Dataset>

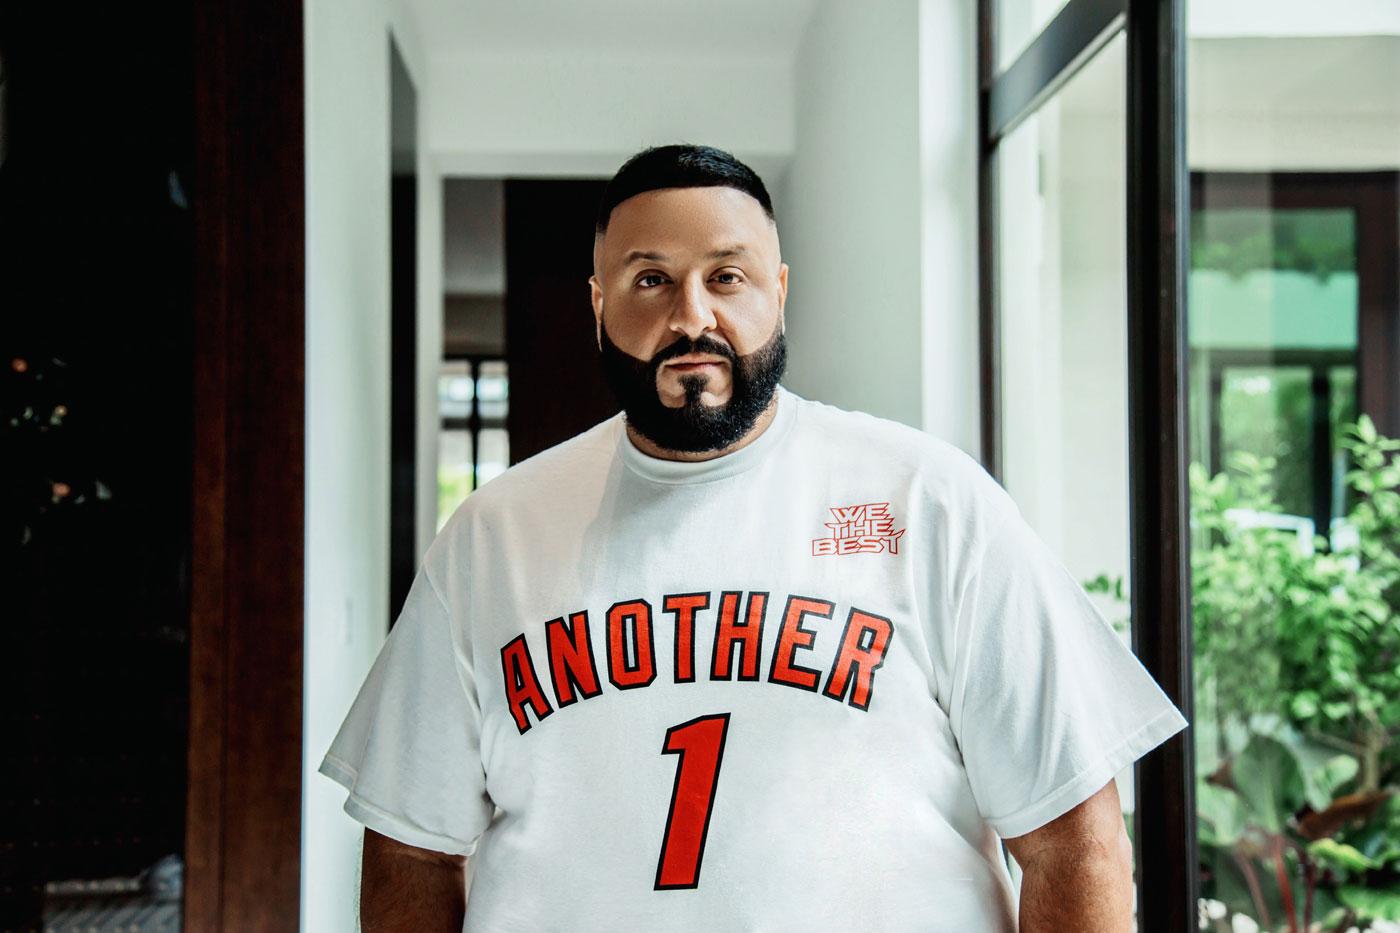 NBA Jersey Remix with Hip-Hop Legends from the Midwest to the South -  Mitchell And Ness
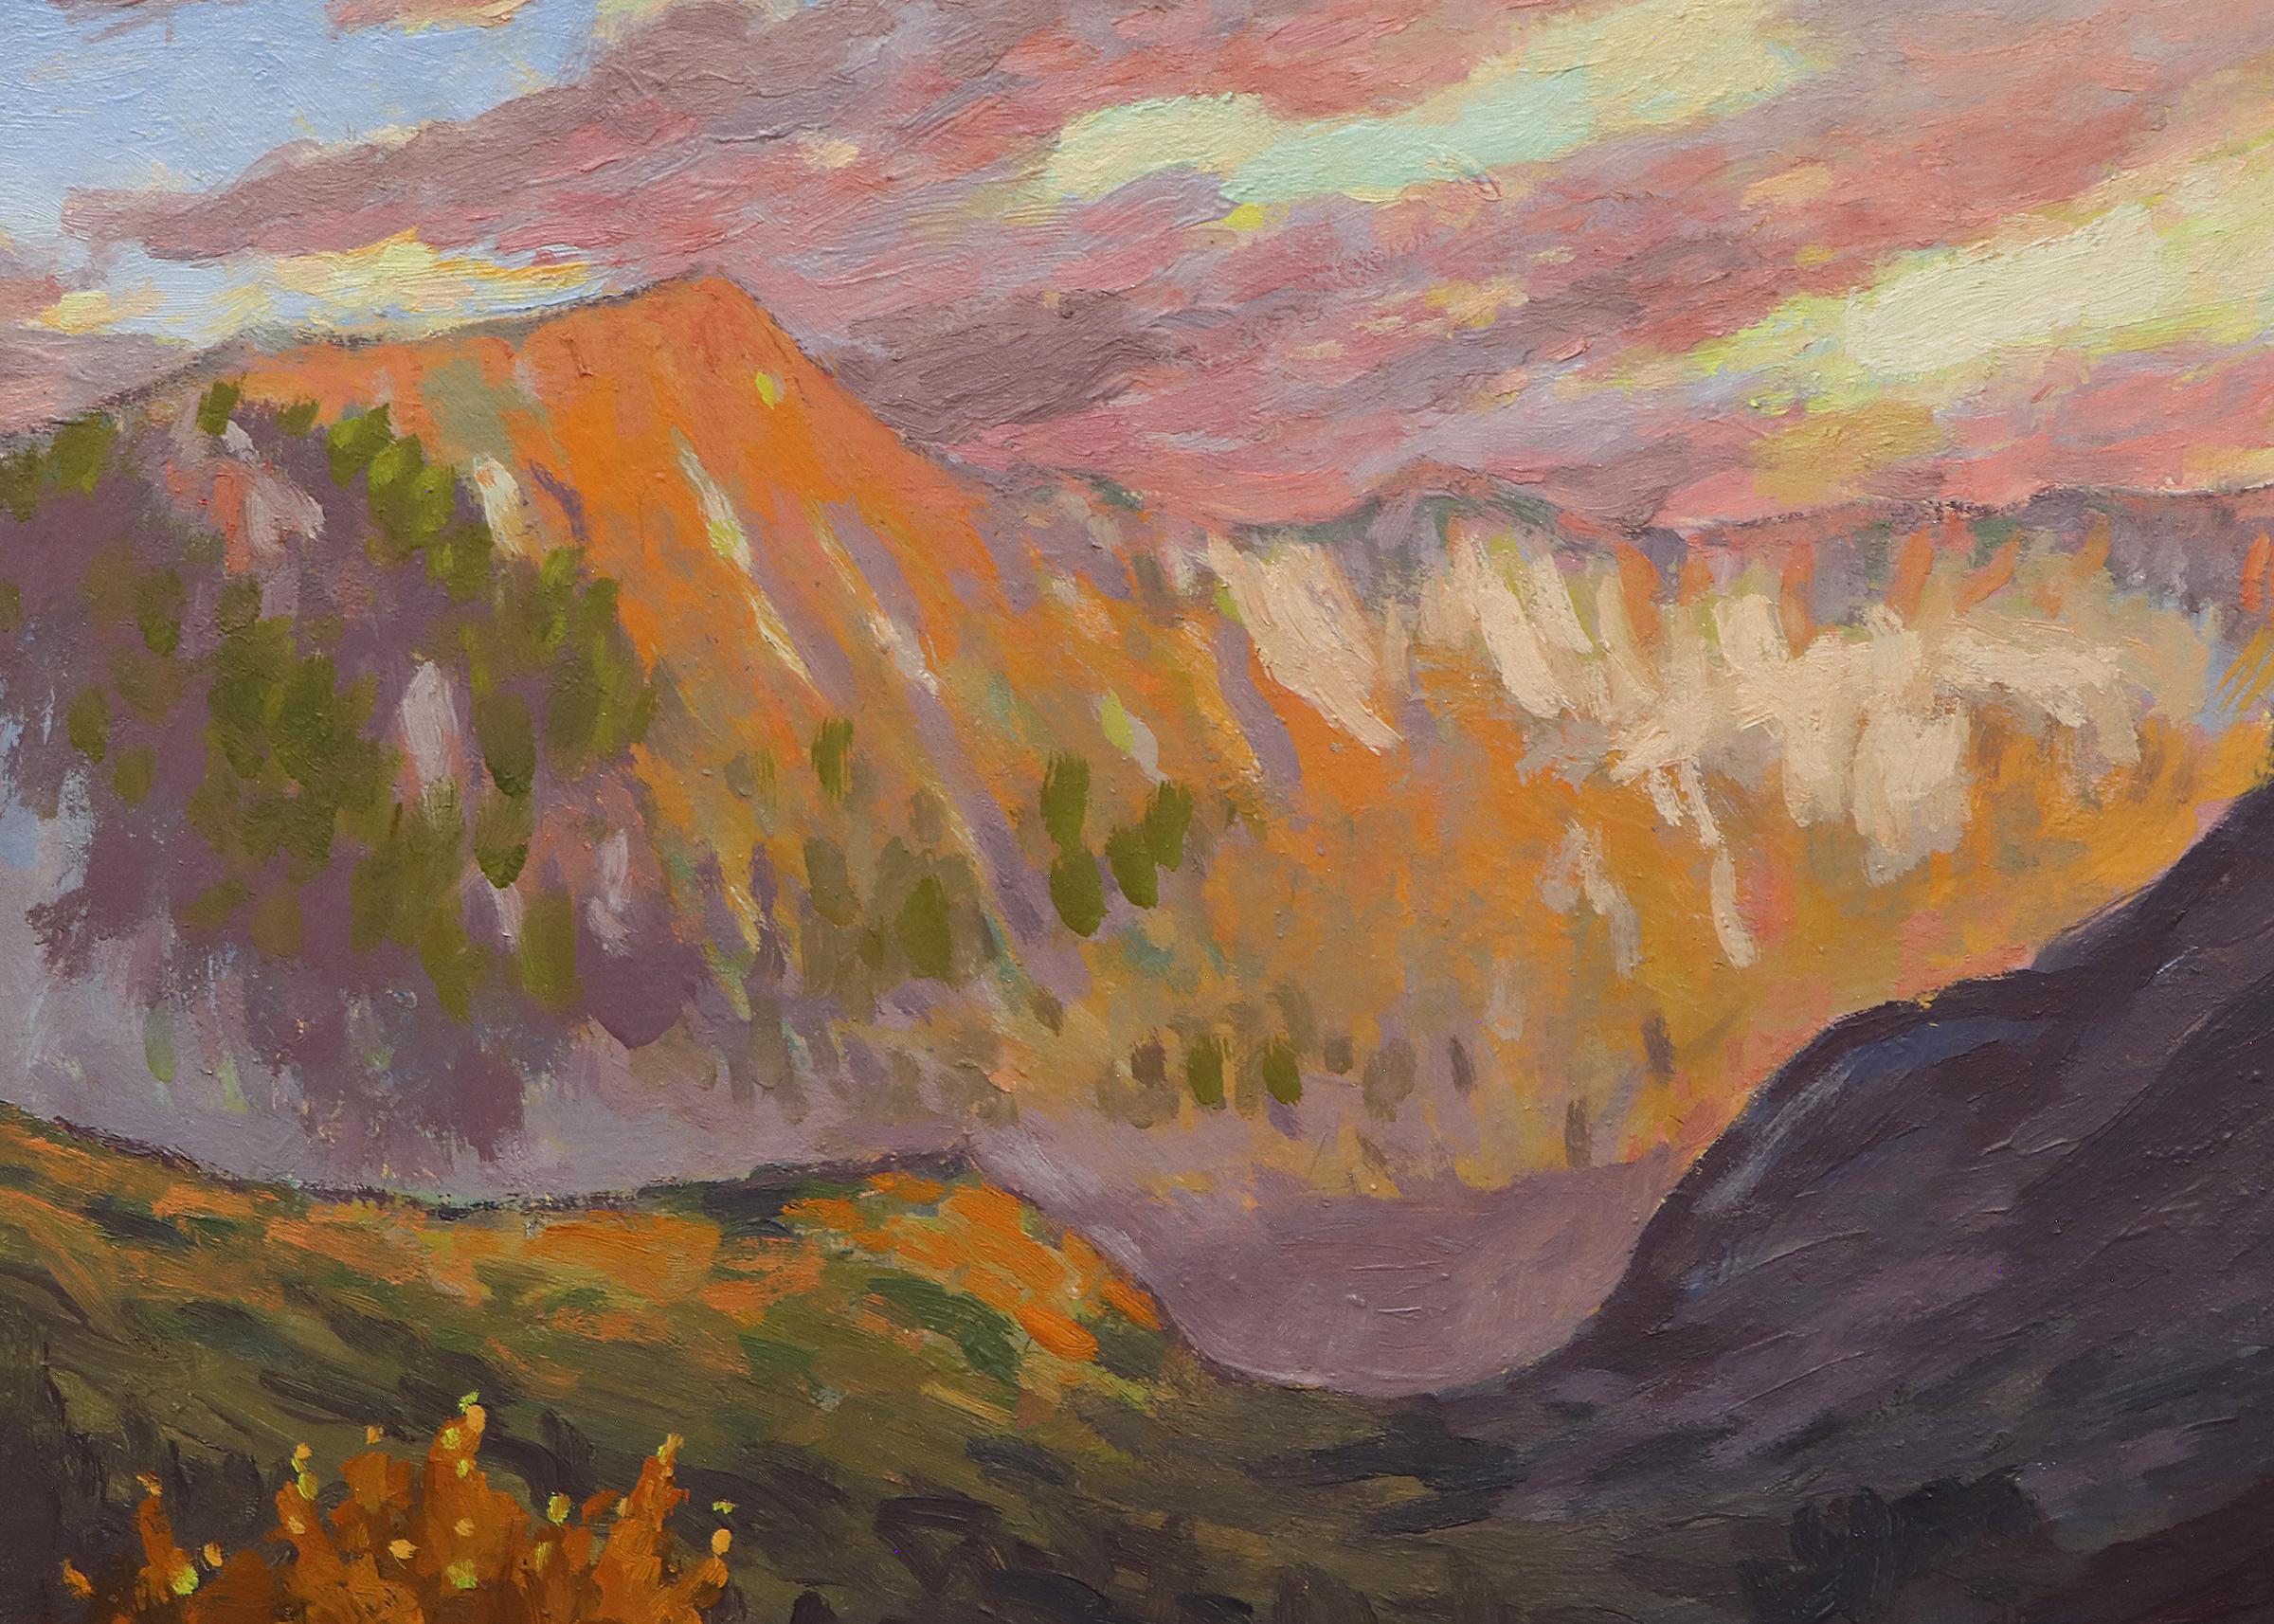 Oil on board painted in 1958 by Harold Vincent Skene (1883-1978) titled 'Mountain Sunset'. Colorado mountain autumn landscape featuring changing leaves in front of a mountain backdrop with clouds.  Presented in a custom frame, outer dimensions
==
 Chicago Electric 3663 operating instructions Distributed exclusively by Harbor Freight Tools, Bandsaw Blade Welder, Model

Exercise requirements>
Retype only the lines above from the one with "NBA Jersey Remix" through the one with "Oil on board", exactly and with both ends. Images stay out.

Exercise response>
 NBA Jersey Remix with Hip-Hop Legends from the Midwest to the South -  Mitchell And Ness
 Oil on board painted in 1958 by Harold Vincent Skene (1883-1978) titled 'Mountain Sunset'. Colorado mountain autumn landscape featuring changing leaves in front of a mountain backdrop with clouds.  Presented in a custom frame, outer dimensions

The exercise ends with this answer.